COLLECTED DATA:
^^^^^^^^

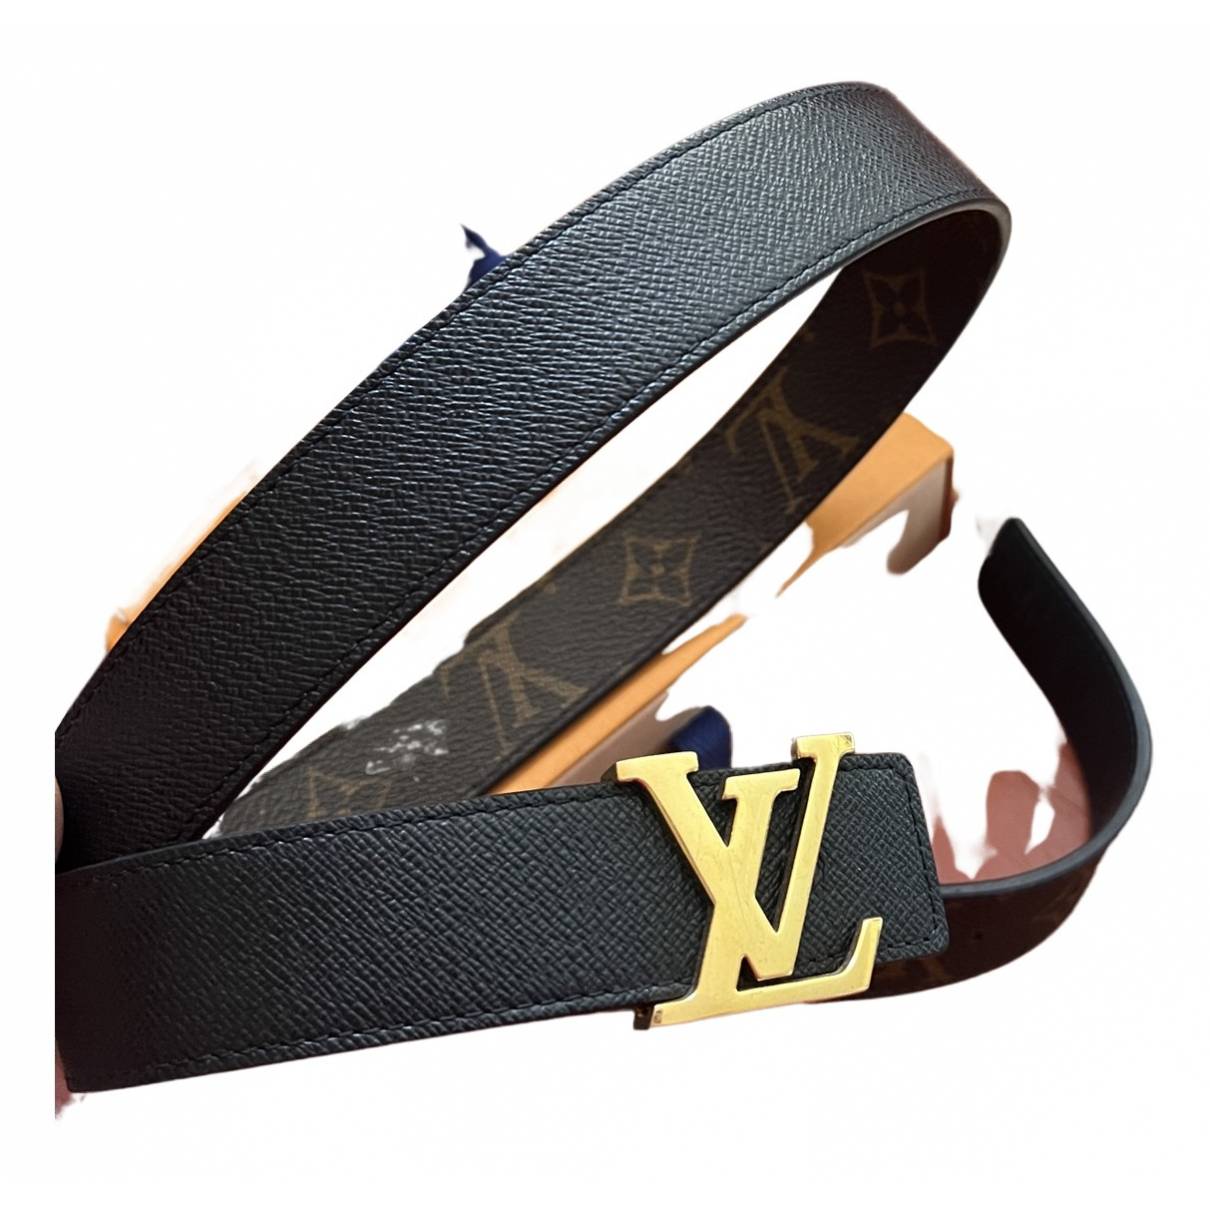 Initiales leather belt Louis Vuitton Black size 80 cm in Leather
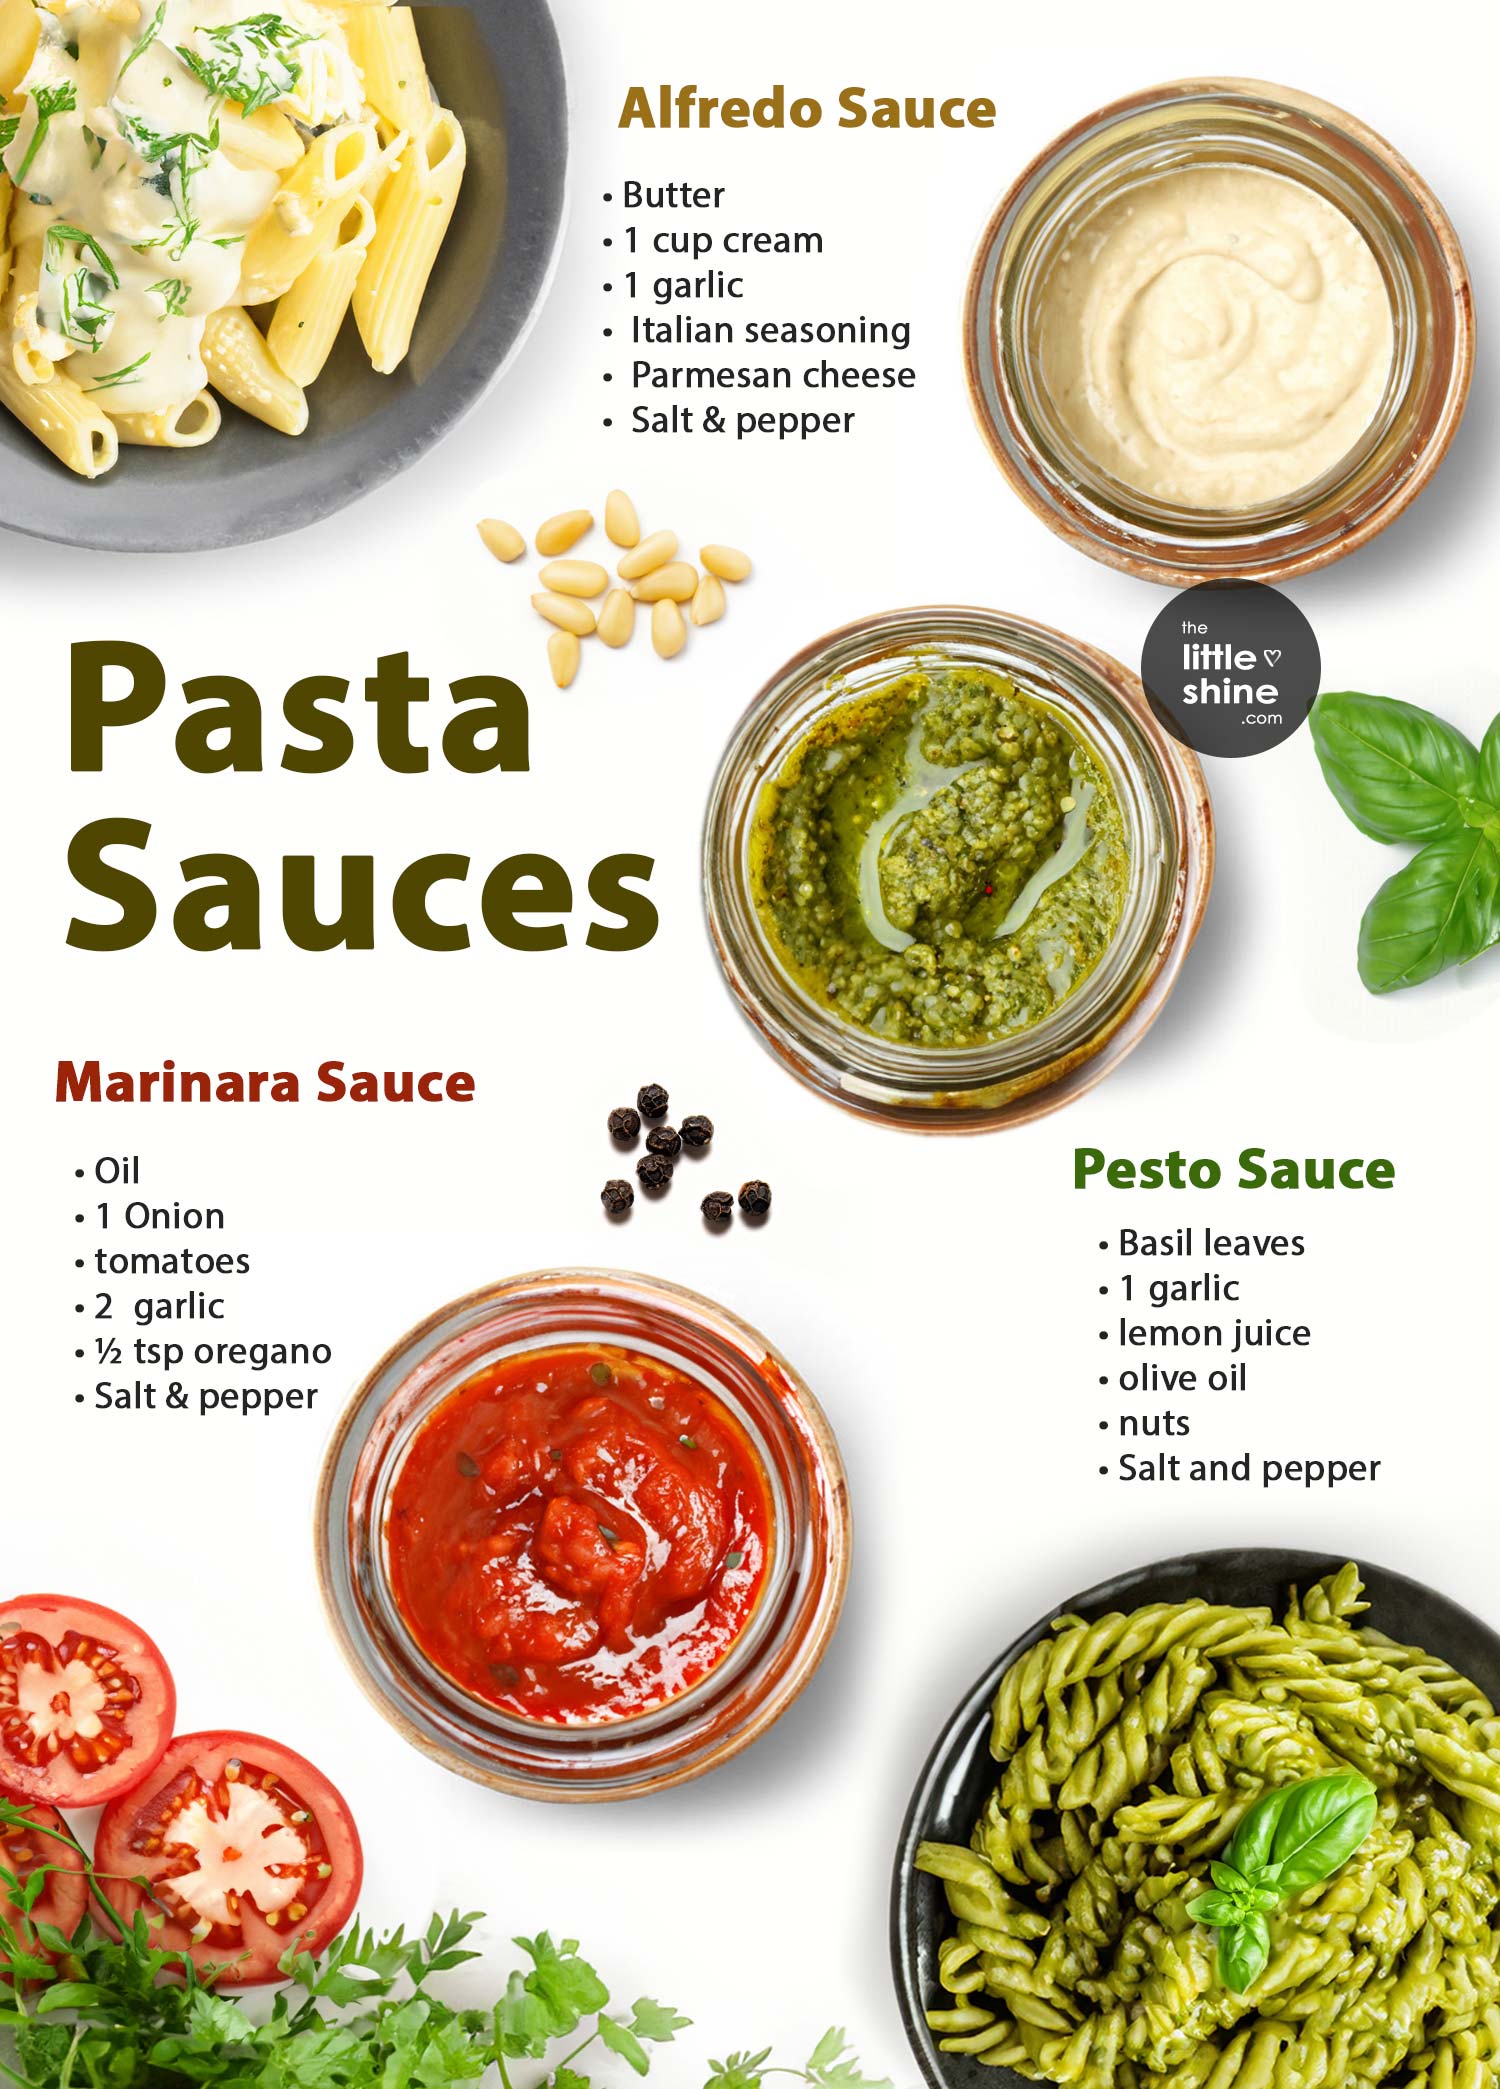 6 types of pasta sauce one needs to know about
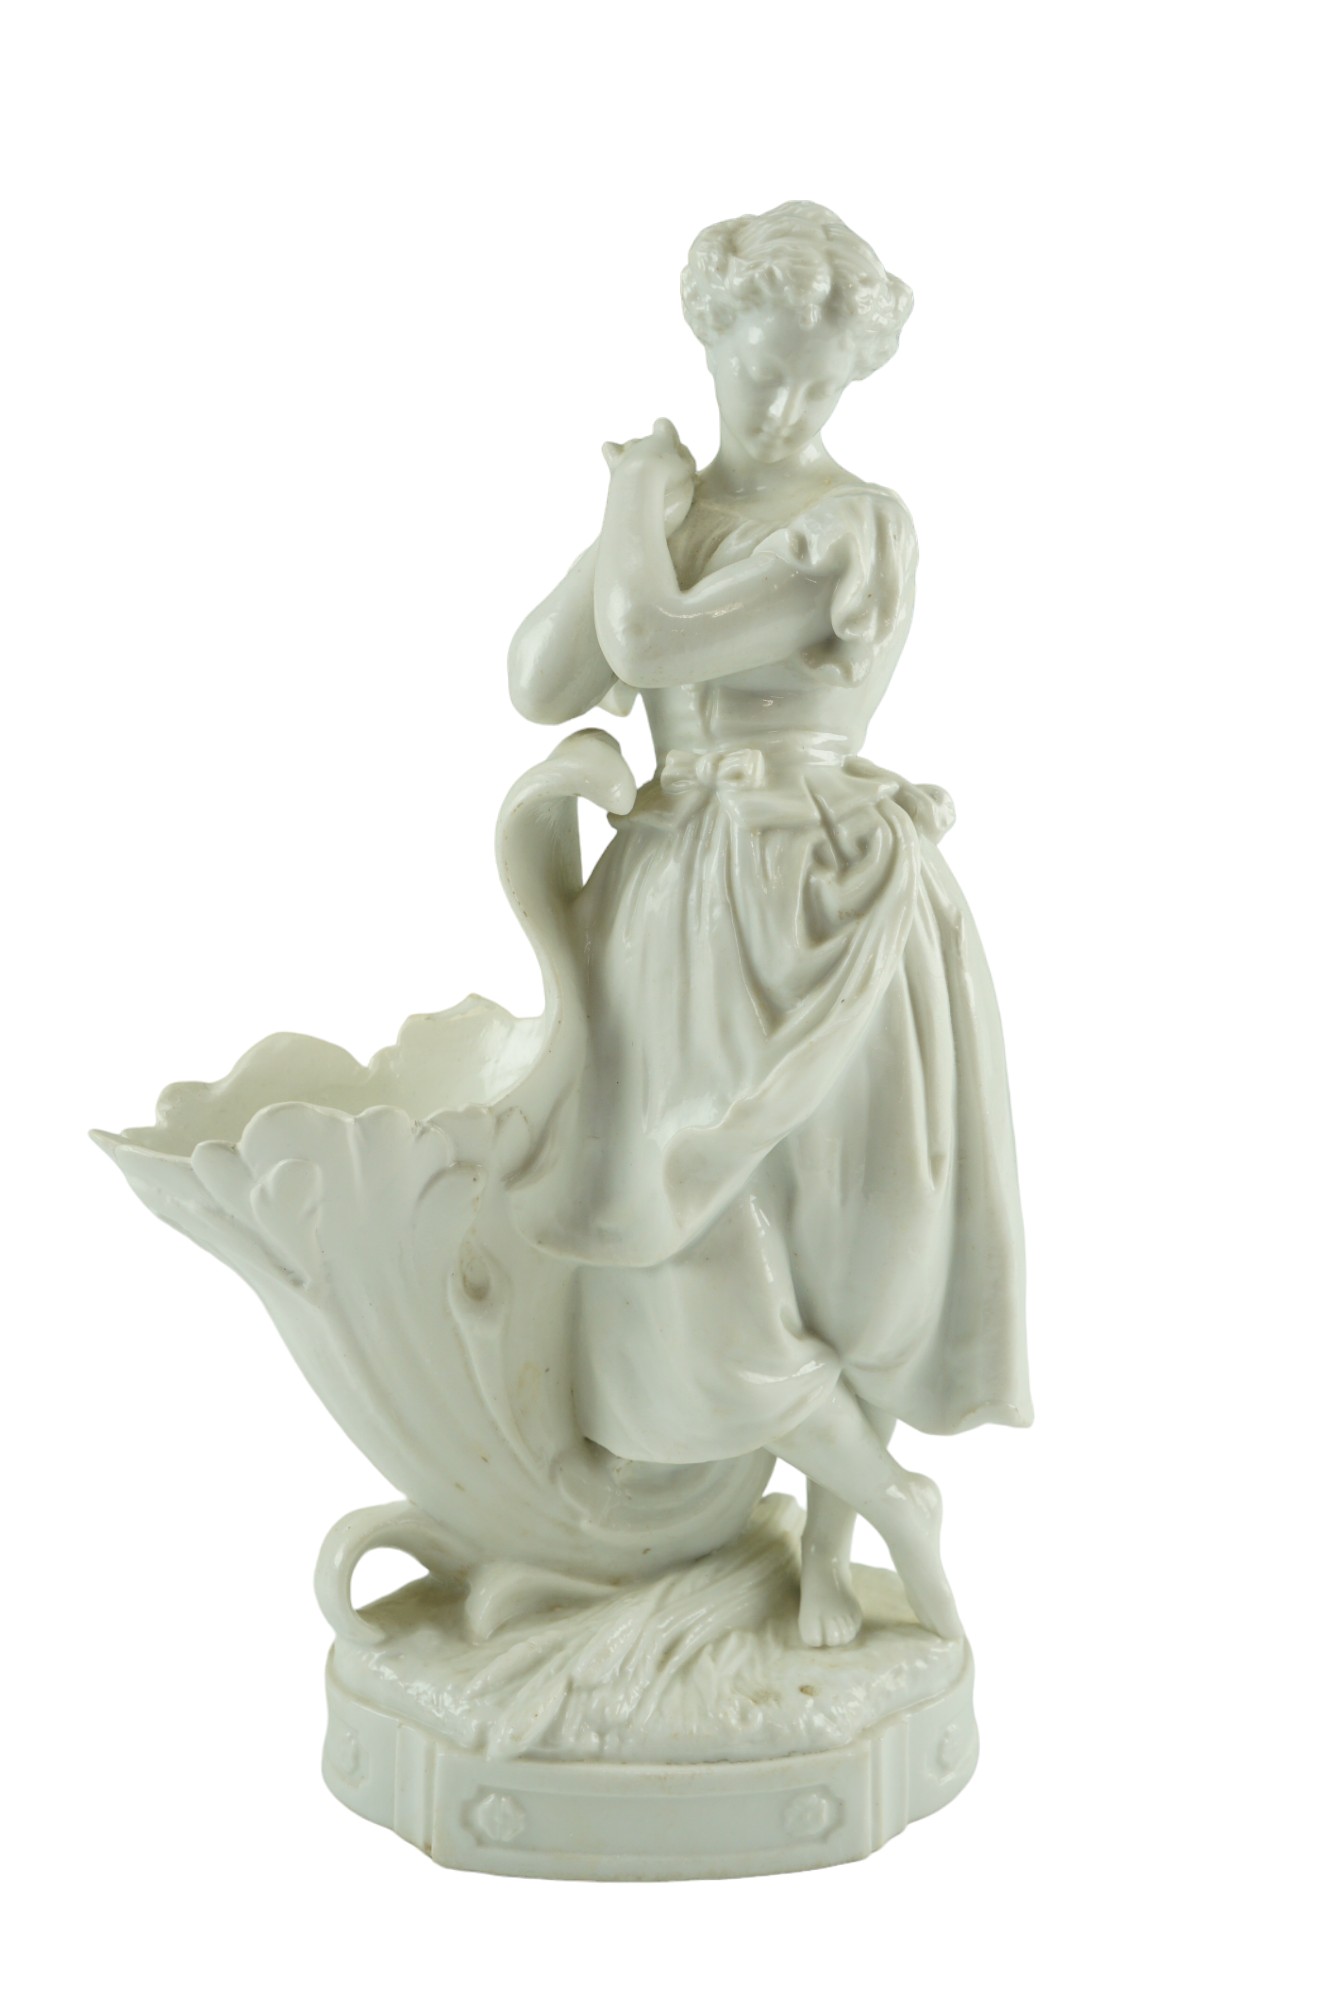 A 19th Century Meissen blanc-de-chine spill vase modelled as a young woman posed coyly, 28 cm, (a/

^^^^^^^^

PROBLEM DETAILS: Could you print the whole listing again, exactly, leaving the pictures out?

RESPONSE TO THIS TASK:
 Initiales leather belt Louis Vuitton Black size 80 cm in Leather
 6 types of pasta sauce one needs to know about
 A 19th Century Meissen blanc-de-chine spill vase modelled as a young woman posed coyly, 28 cm, (a/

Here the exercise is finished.